● **The task**: When you transcribe the listing that follows, keep every line exact and skip any picture.

● **Data below**:
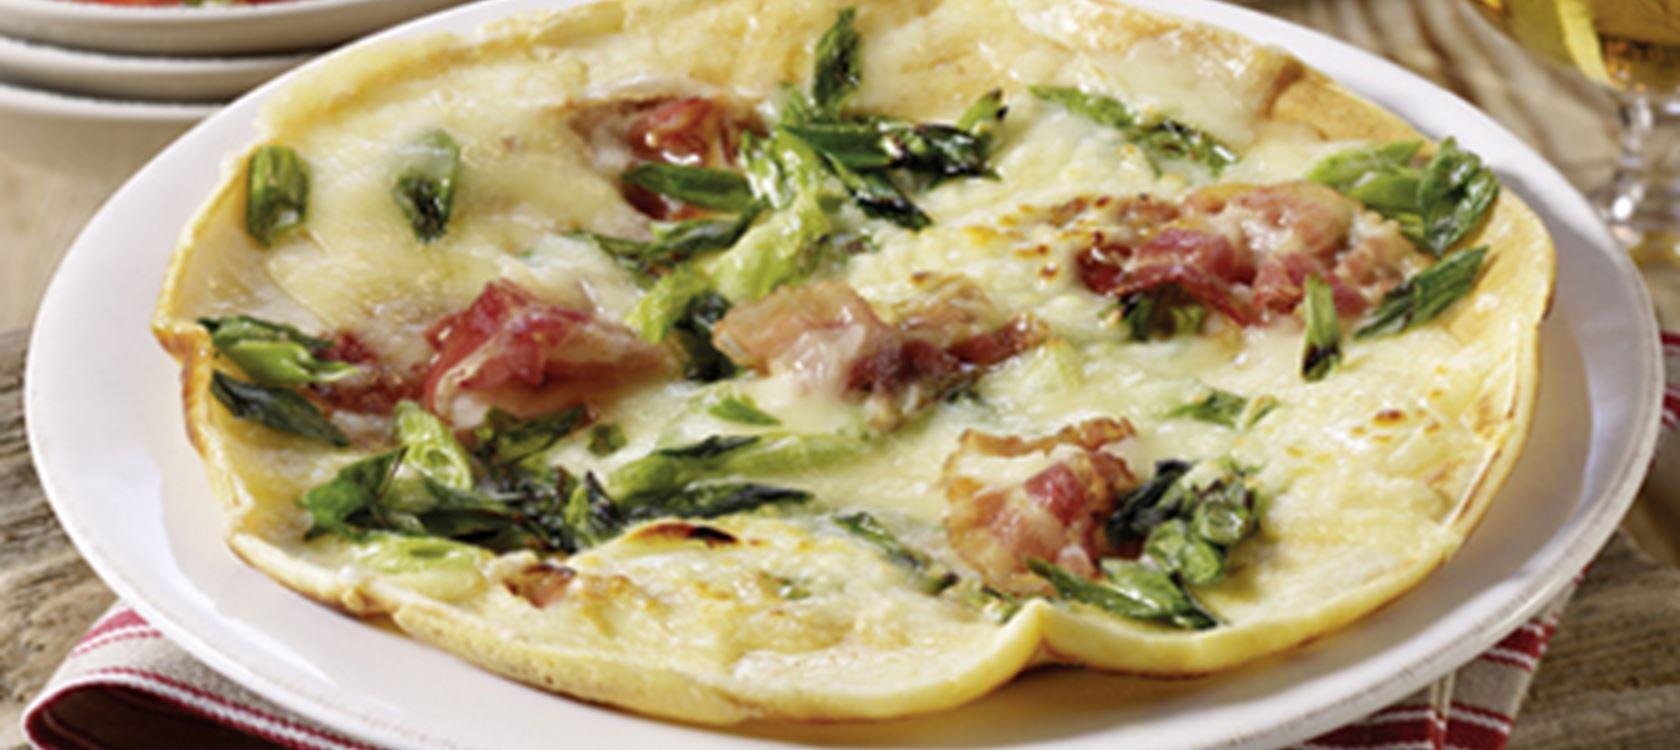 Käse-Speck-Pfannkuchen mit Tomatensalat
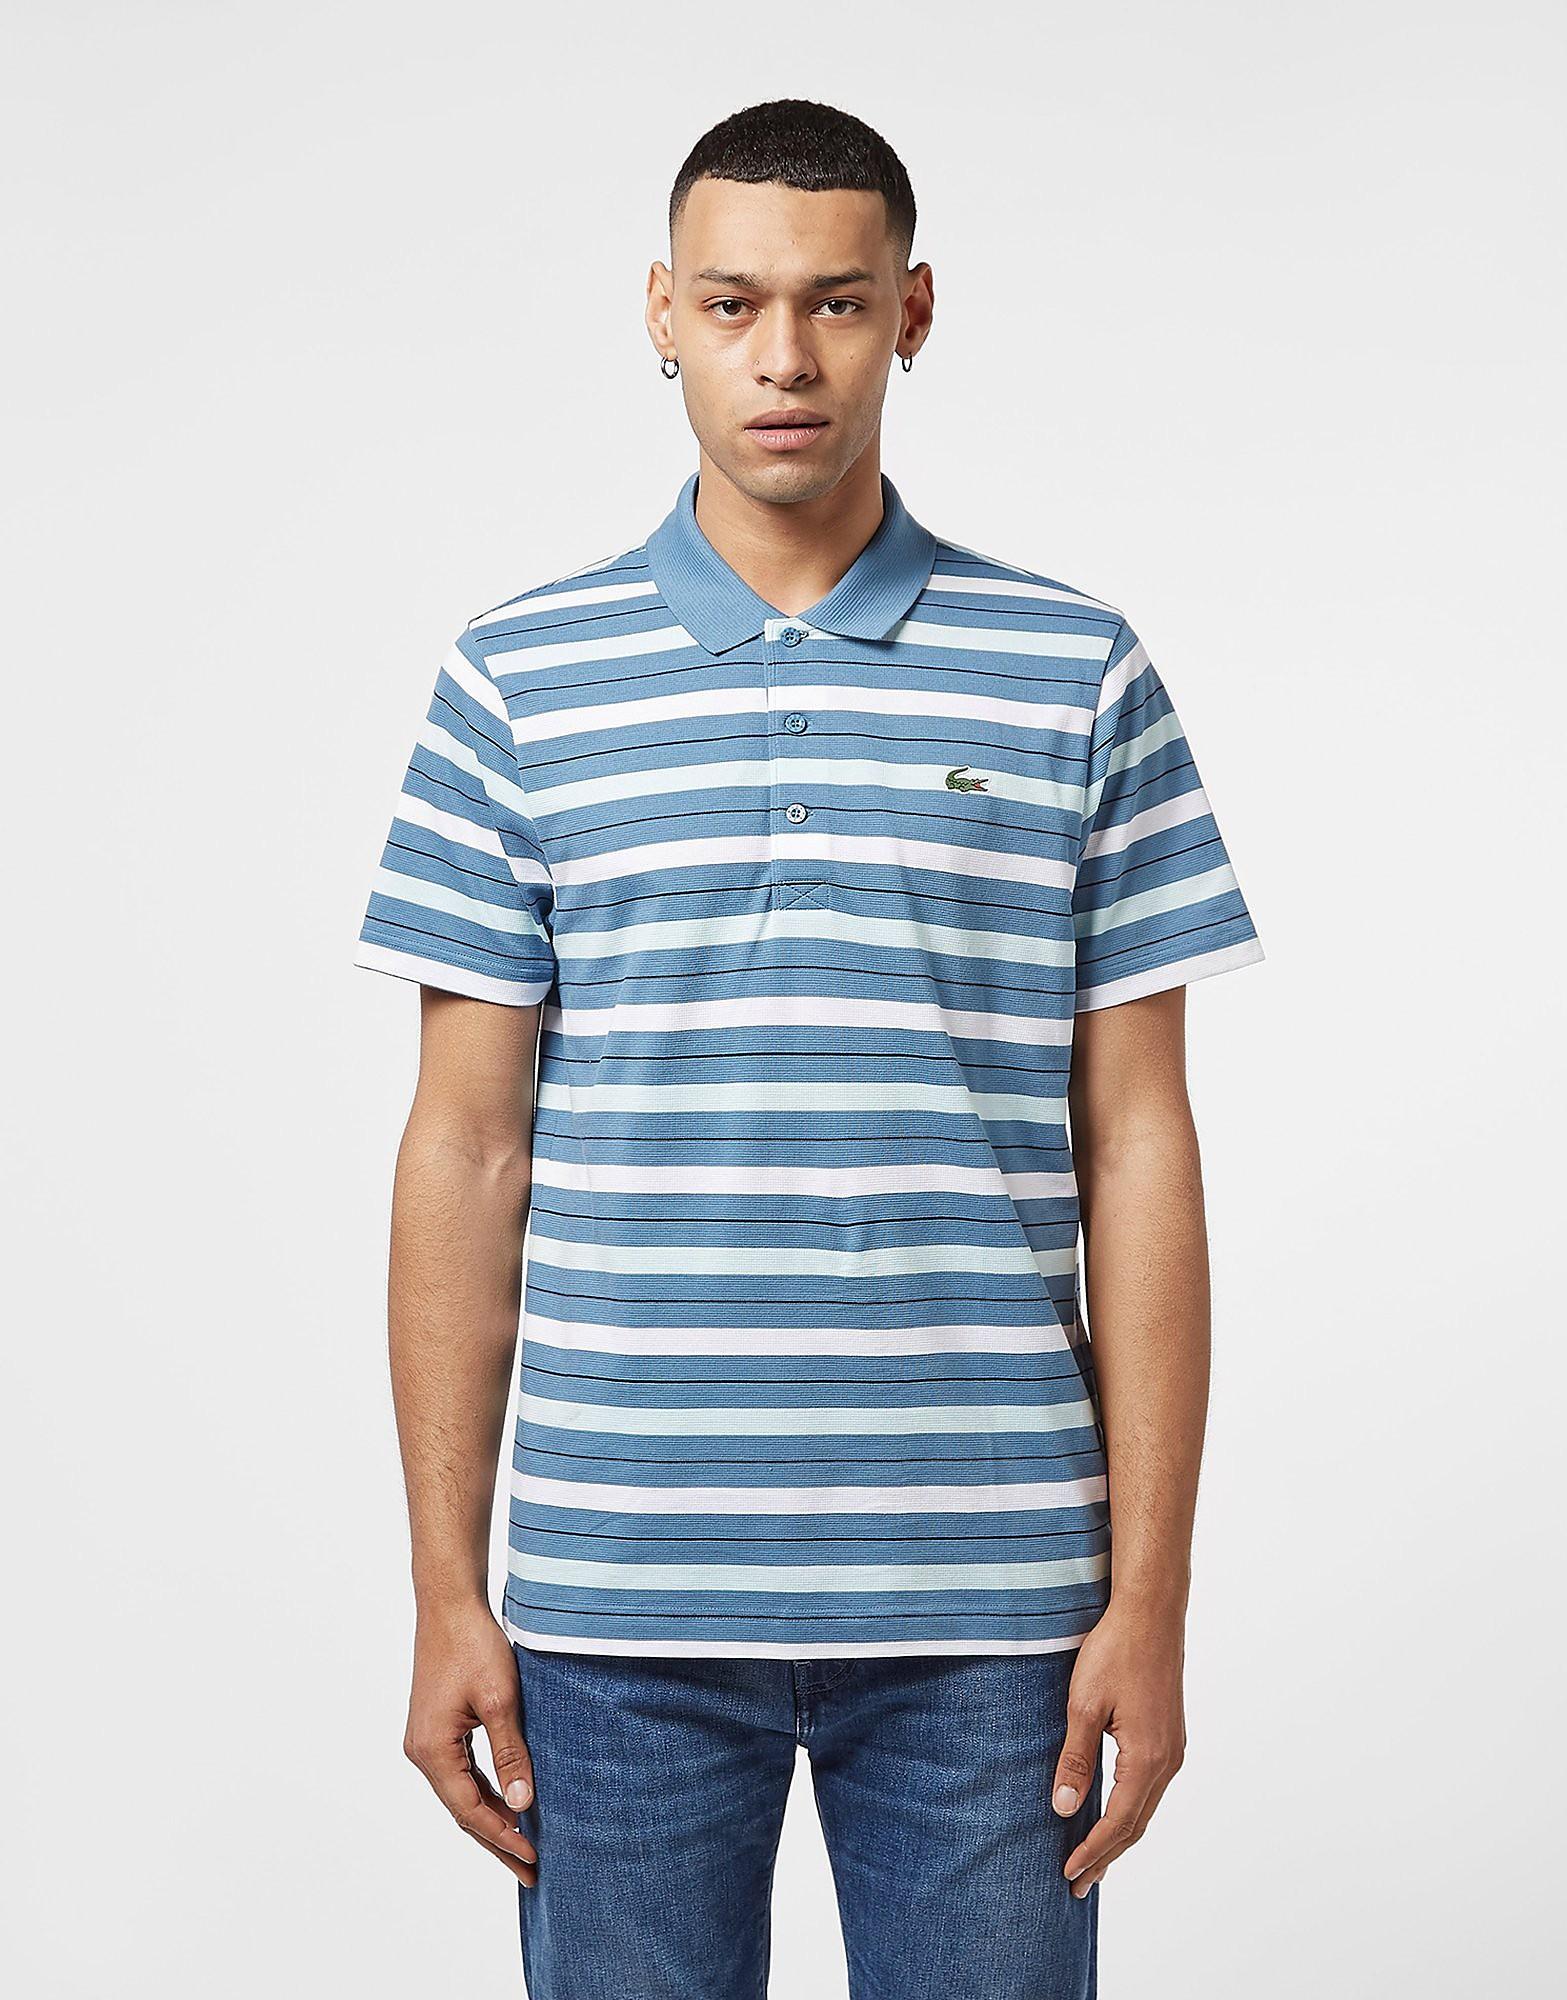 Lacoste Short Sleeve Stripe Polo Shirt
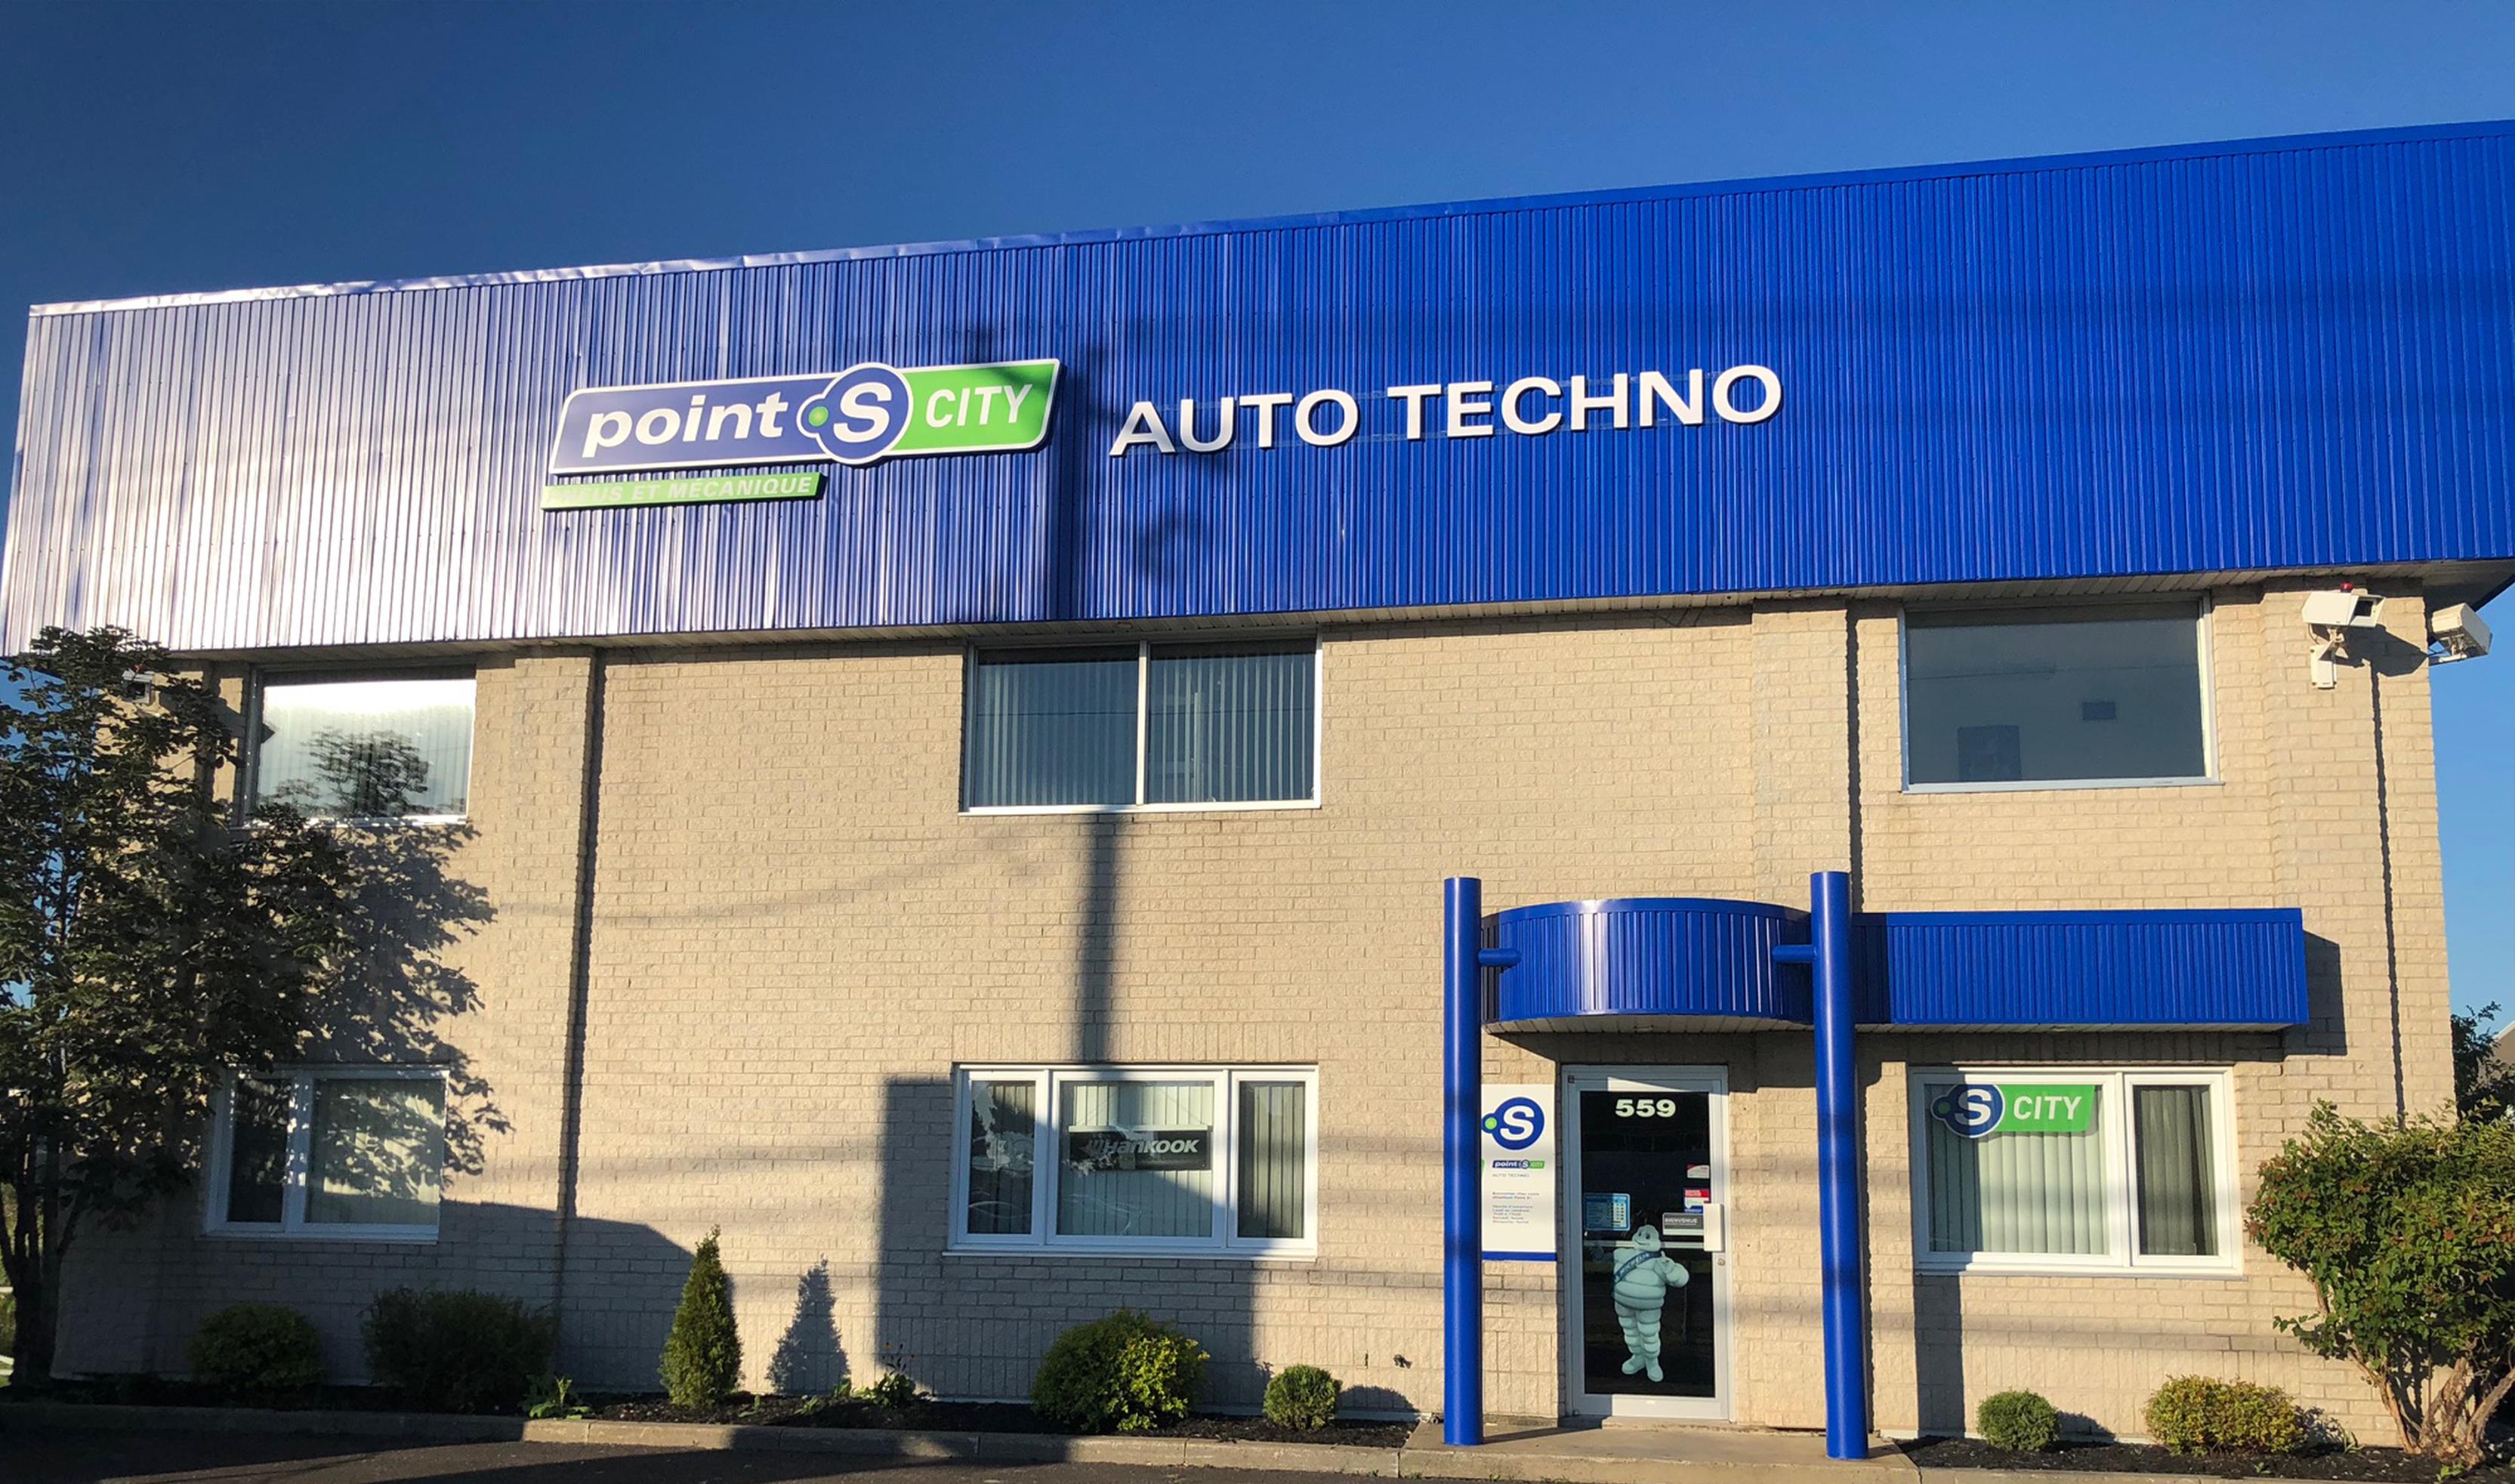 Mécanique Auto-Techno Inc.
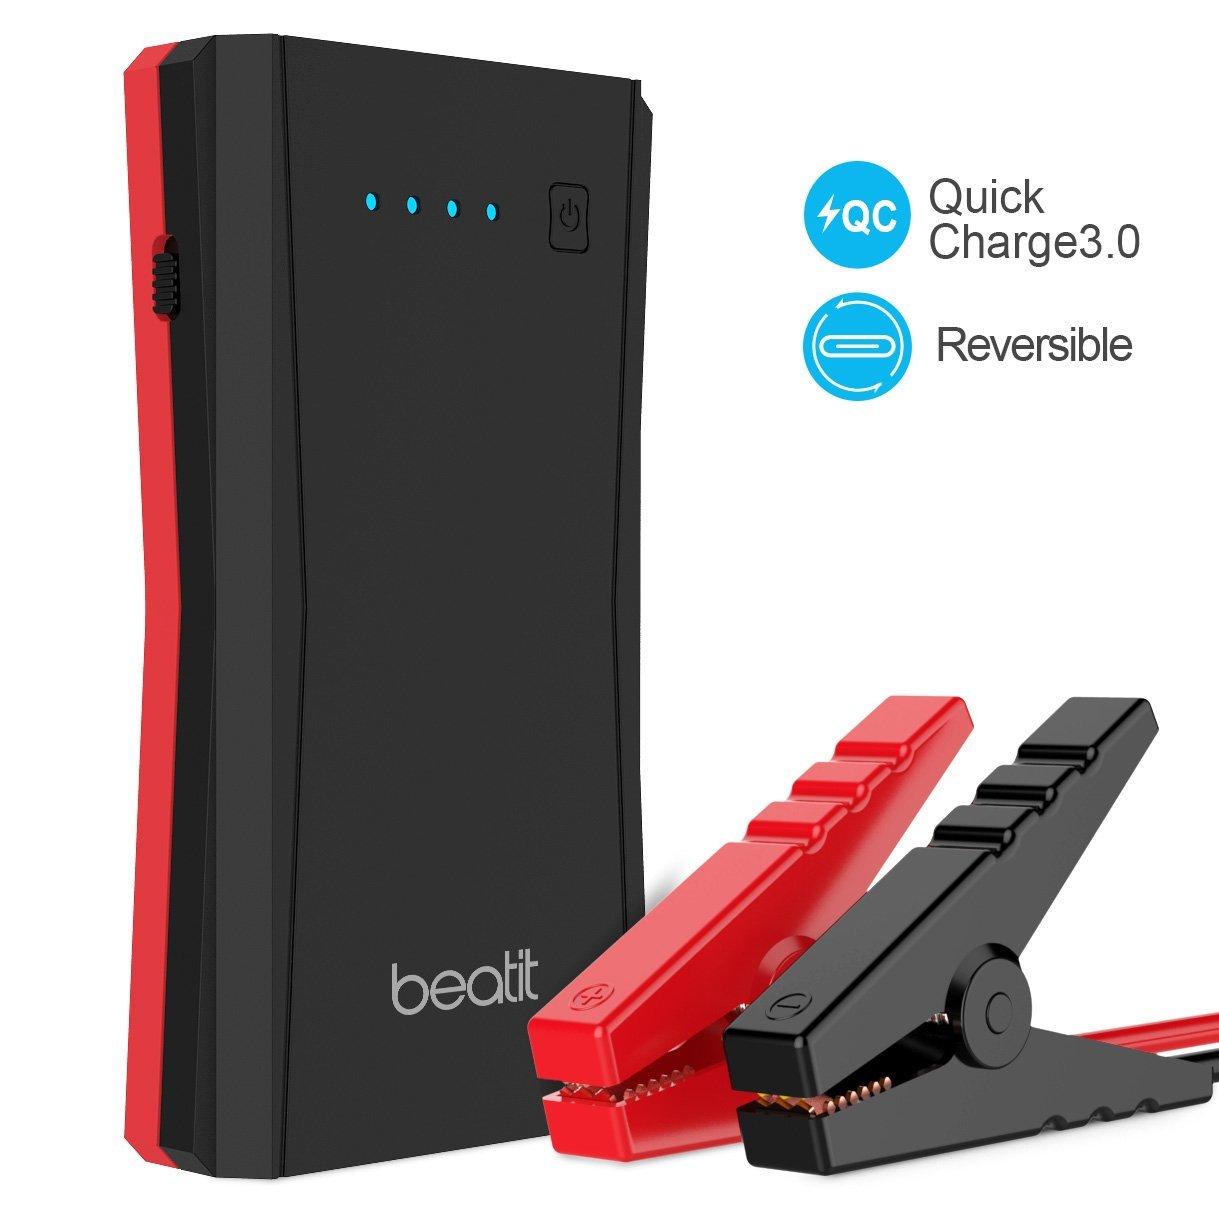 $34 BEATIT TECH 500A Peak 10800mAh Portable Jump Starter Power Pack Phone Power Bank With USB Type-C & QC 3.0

● **Written response**:
 Käse-Speck-Pfannkuchen mit Tomatensalat
 Lacoste Short Sleeve Stripe Polo Shirt
 Mécanique Auto-Techno Inc.
 $34 BEATIT TECH 500A Peak 10800mAh Portable Jump Starter Power Pack Phone Power Bank With USB Type-C & QC 3.0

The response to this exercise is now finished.